━━ SUPPLIED RECORDS

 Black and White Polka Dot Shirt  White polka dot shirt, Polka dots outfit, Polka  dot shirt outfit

━━━━
━━ SUPPLIED RECORDS

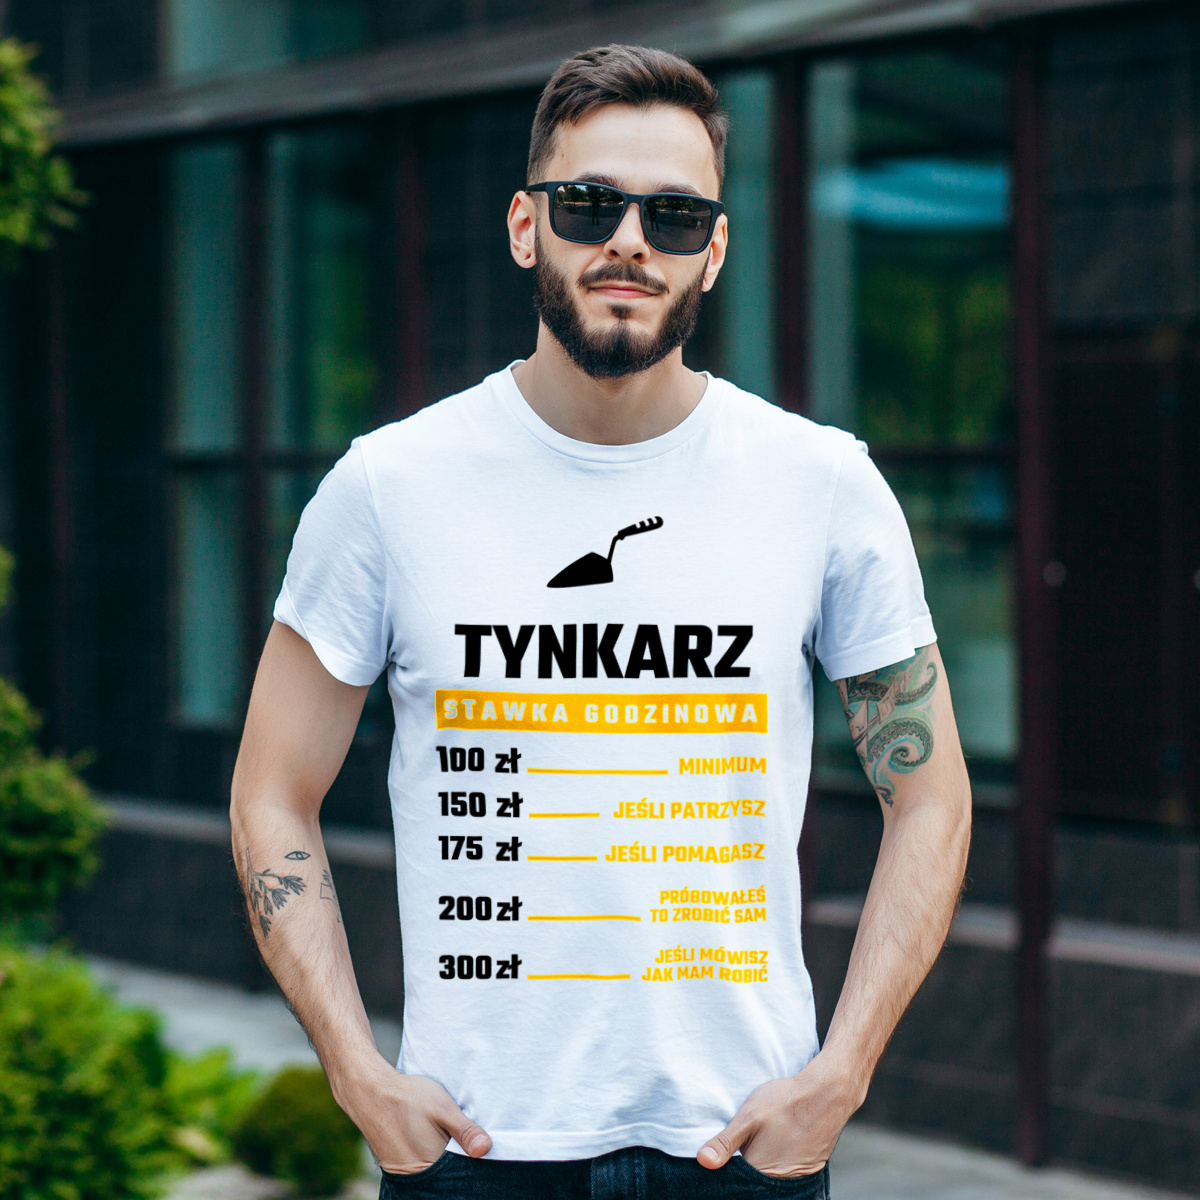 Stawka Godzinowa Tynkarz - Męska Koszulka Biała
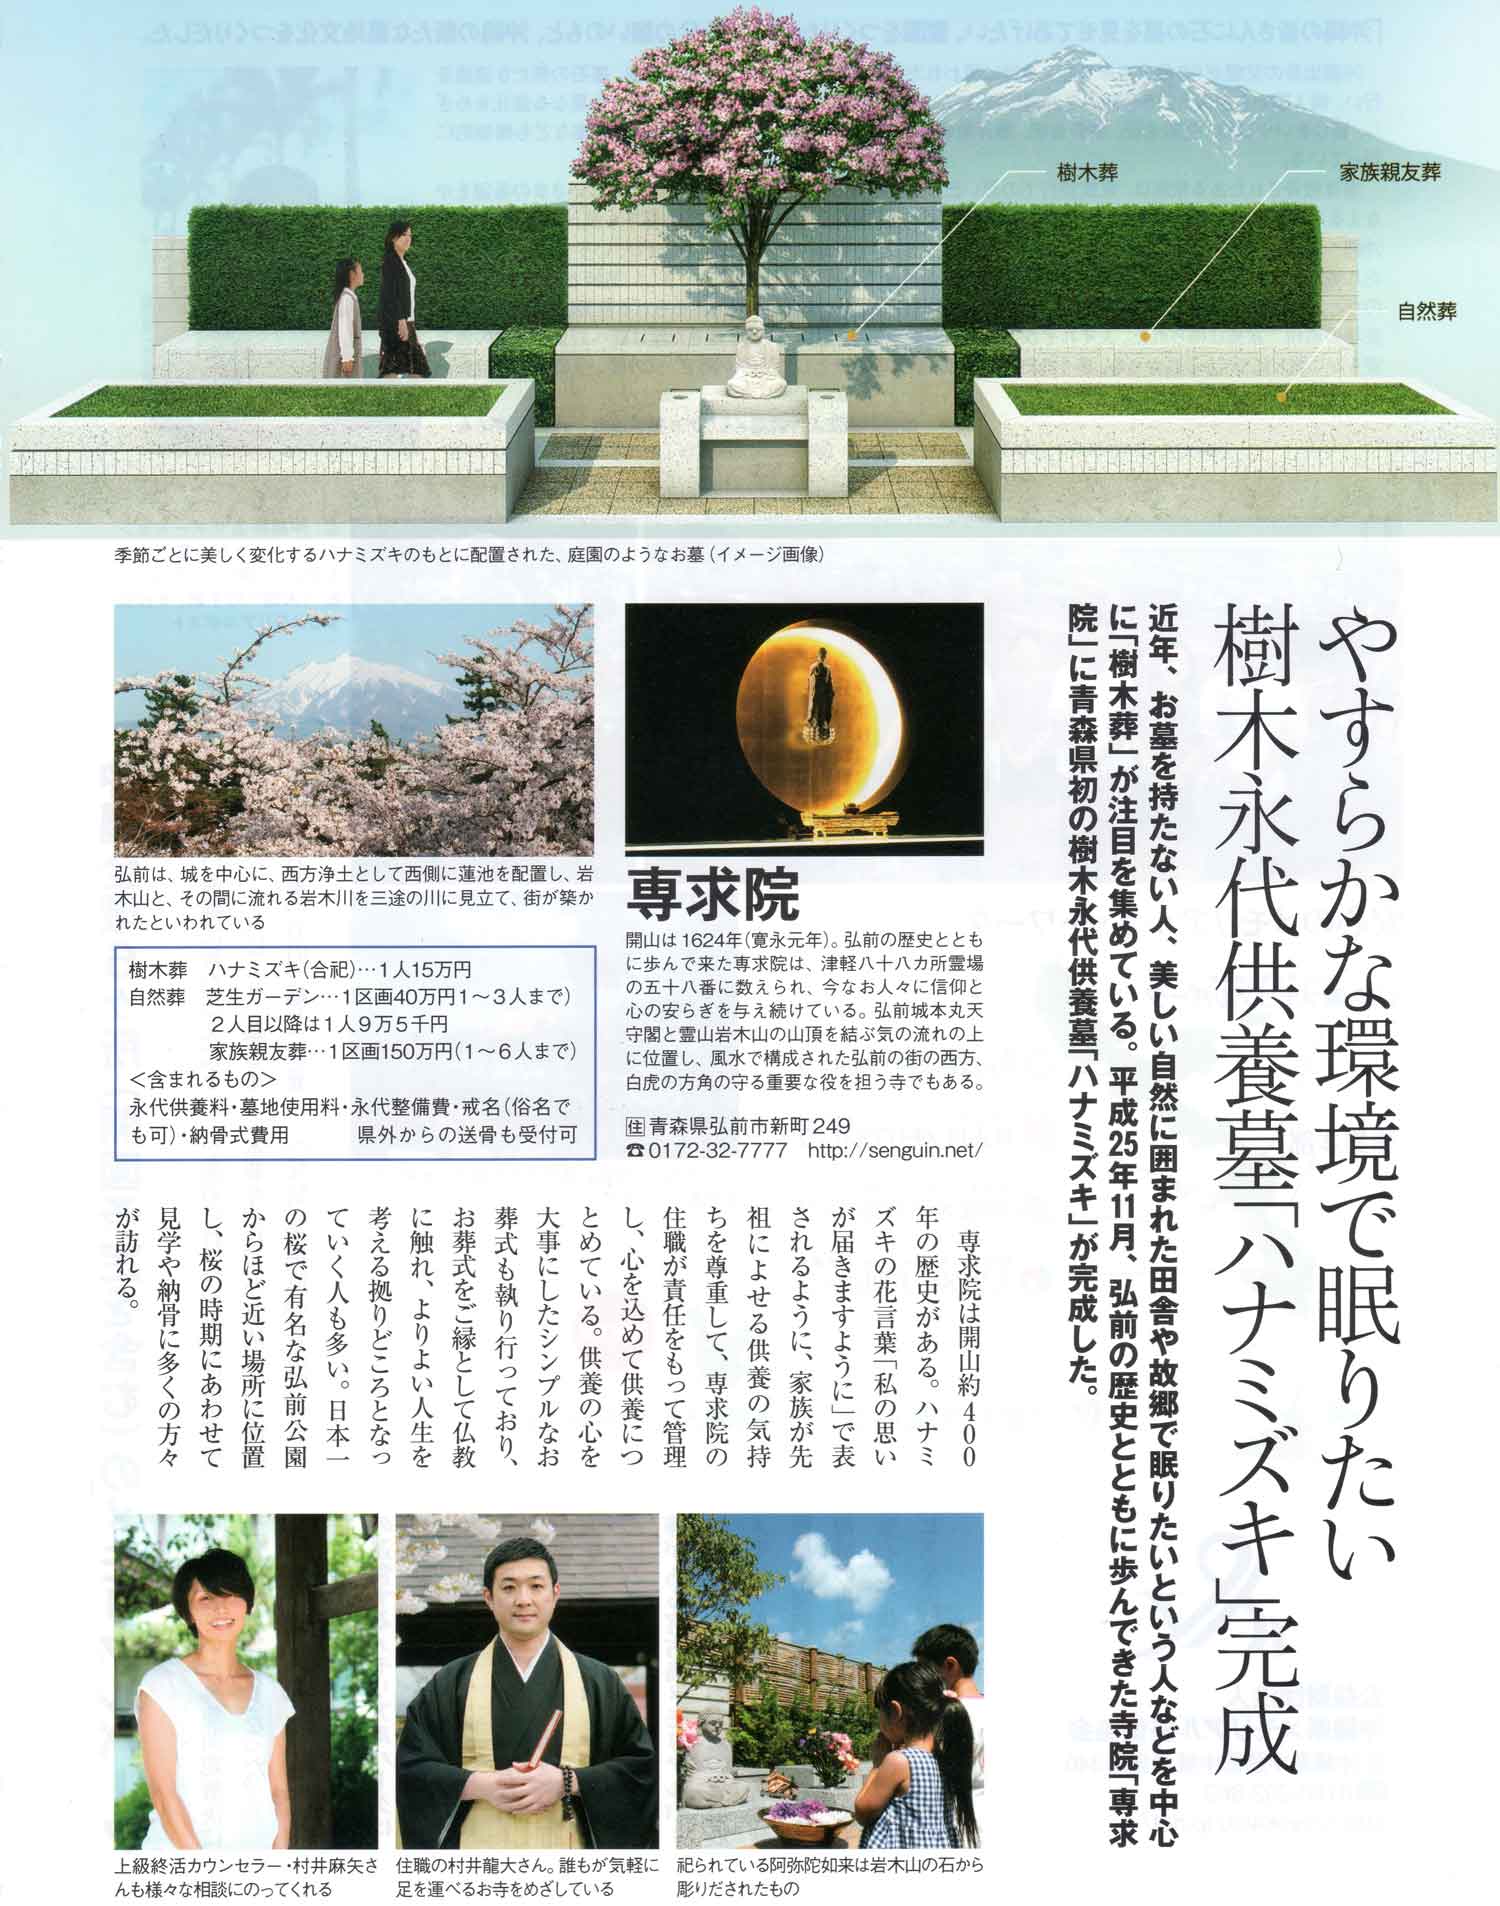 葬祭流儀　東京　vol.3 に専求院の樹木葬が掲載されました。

━━━━
━━ SUPPLIED RECORDS

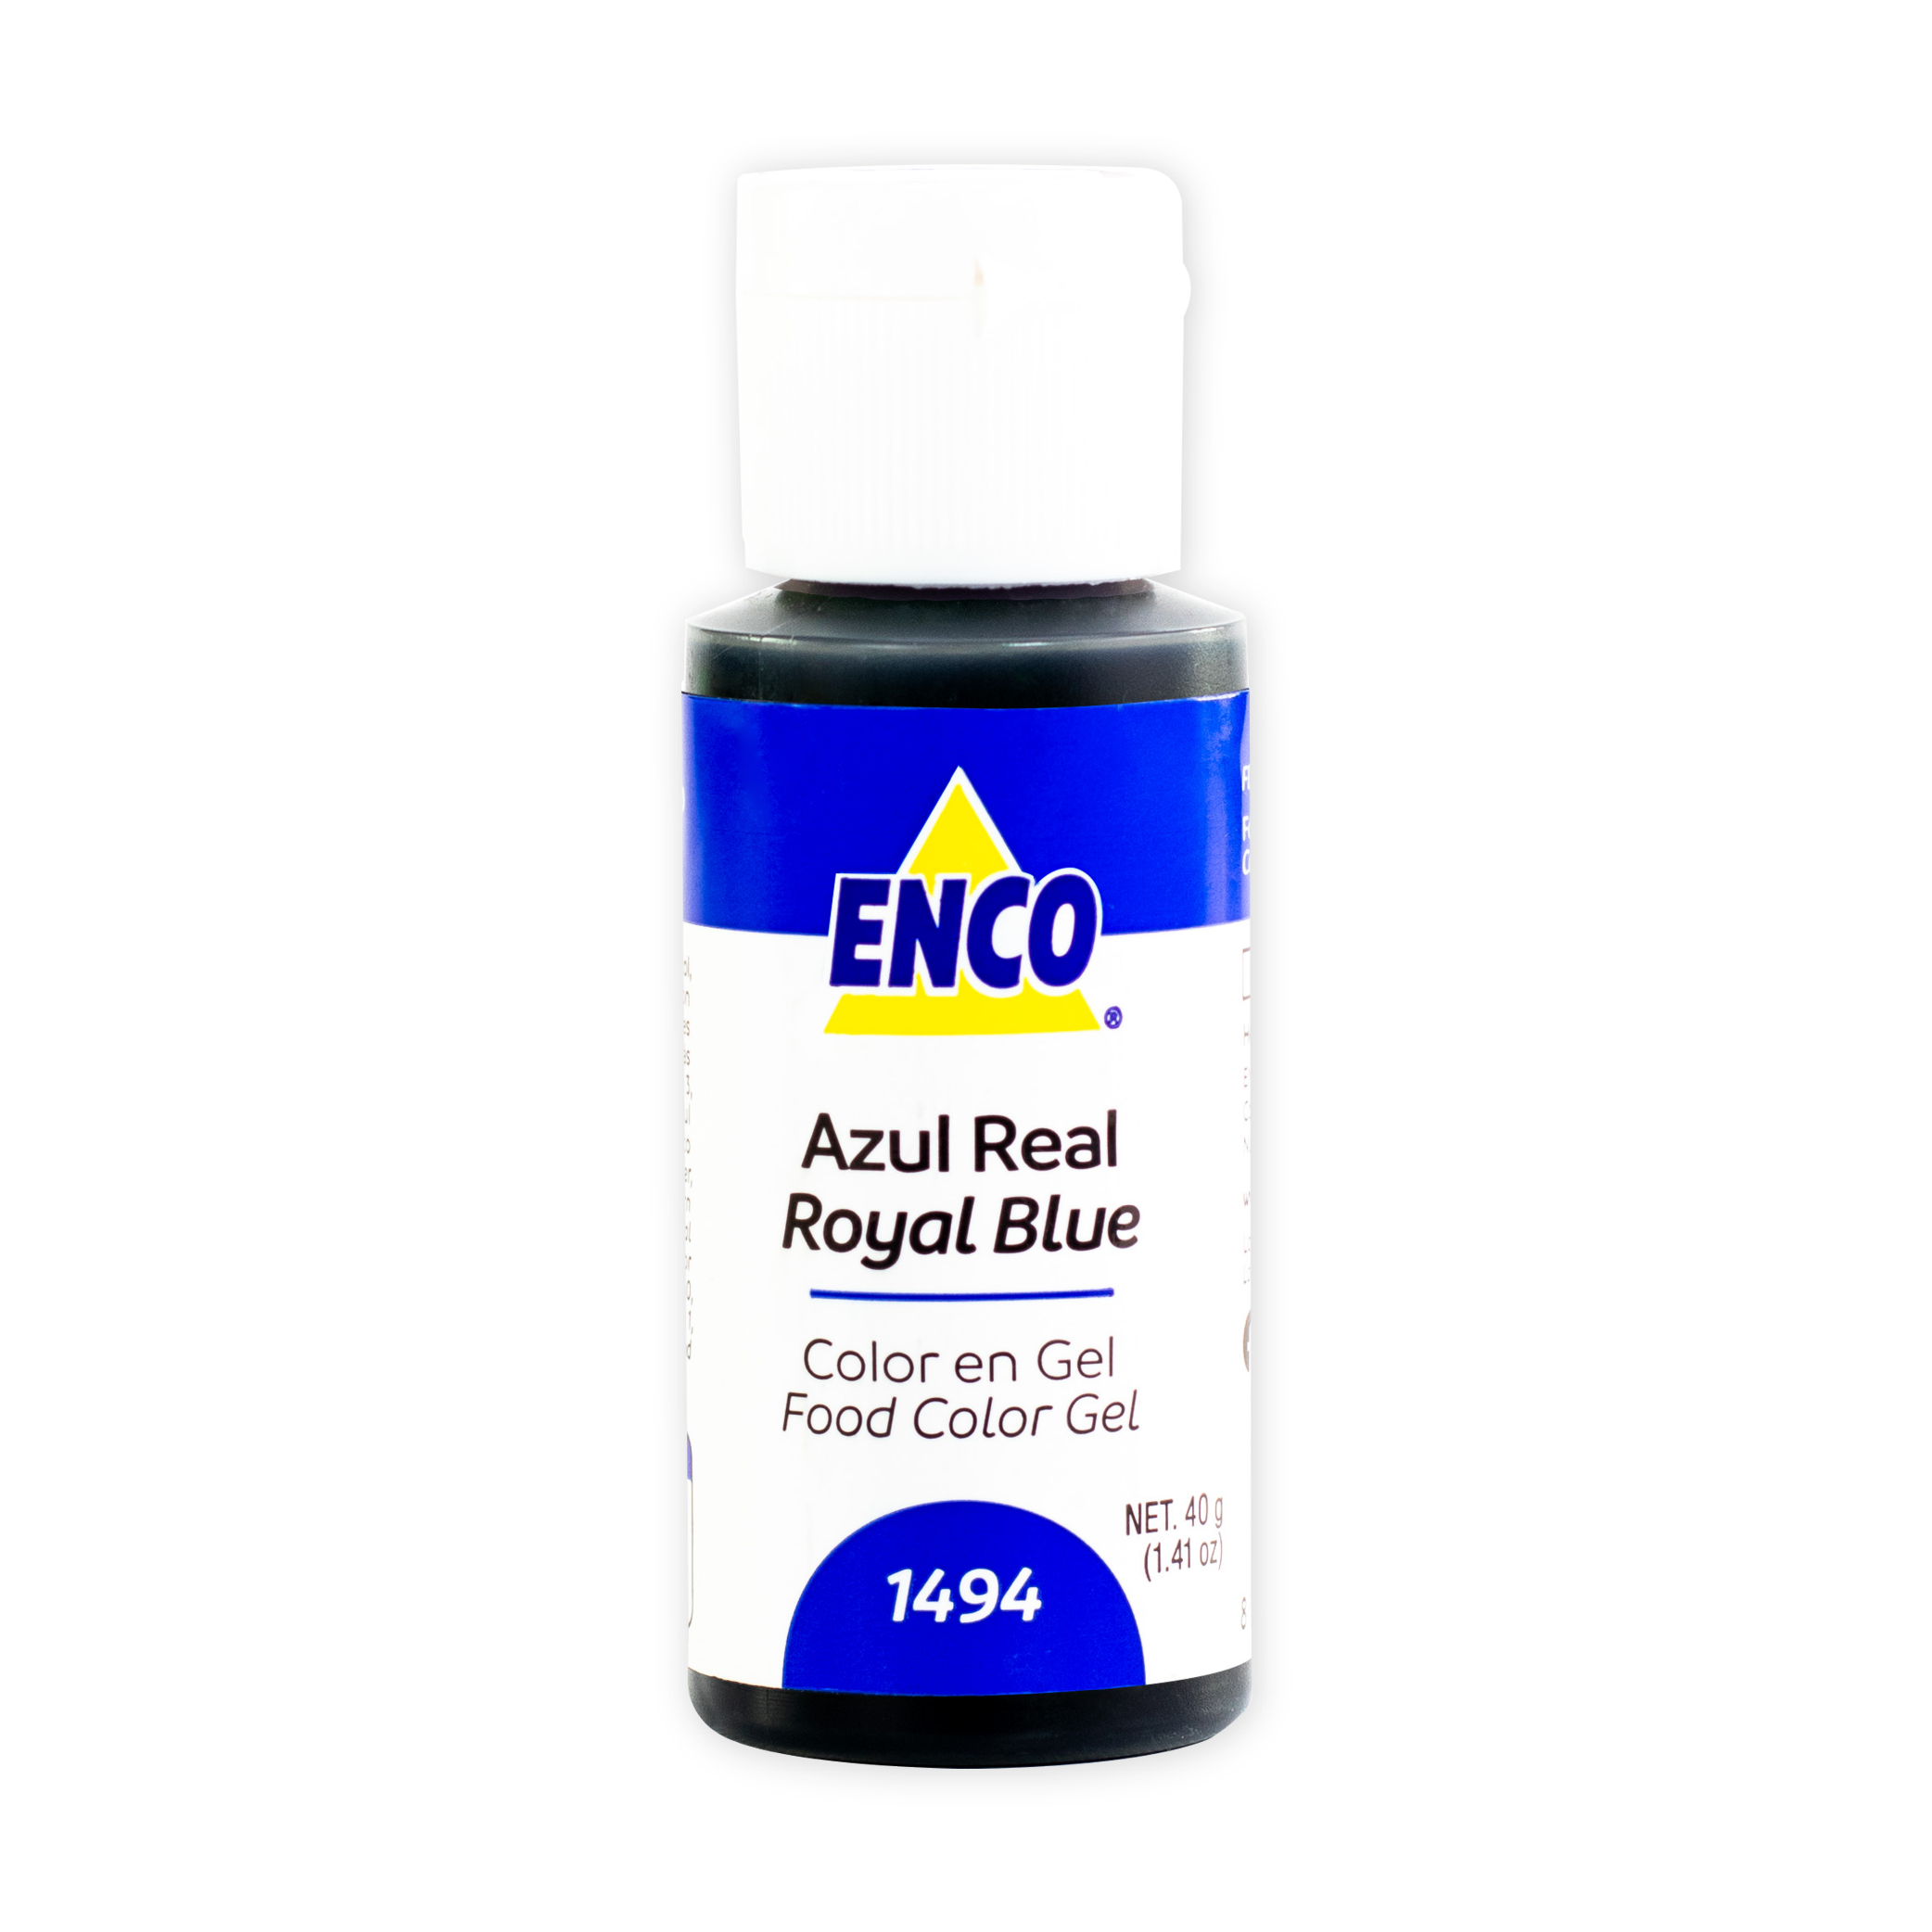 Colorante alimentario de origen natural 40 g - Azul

━━━━

* **ASSIGNED TASK**
Everything above from the line that has "Stawka Godzinowa Tynkarz" down to the line that has "葬祭流儀　東京　vol.3 に専求院の樹木葬が掲載されました。" should be output exactly, with both of those lines included. Leave the pictures behind.

* **SOLVED EXERCISE**
 Stawka Godzinowa Tynkarz - Męska Koszulka Biała
 葬祭流儀　東京　vol.3 に専求院の樹木葬が掲載されました。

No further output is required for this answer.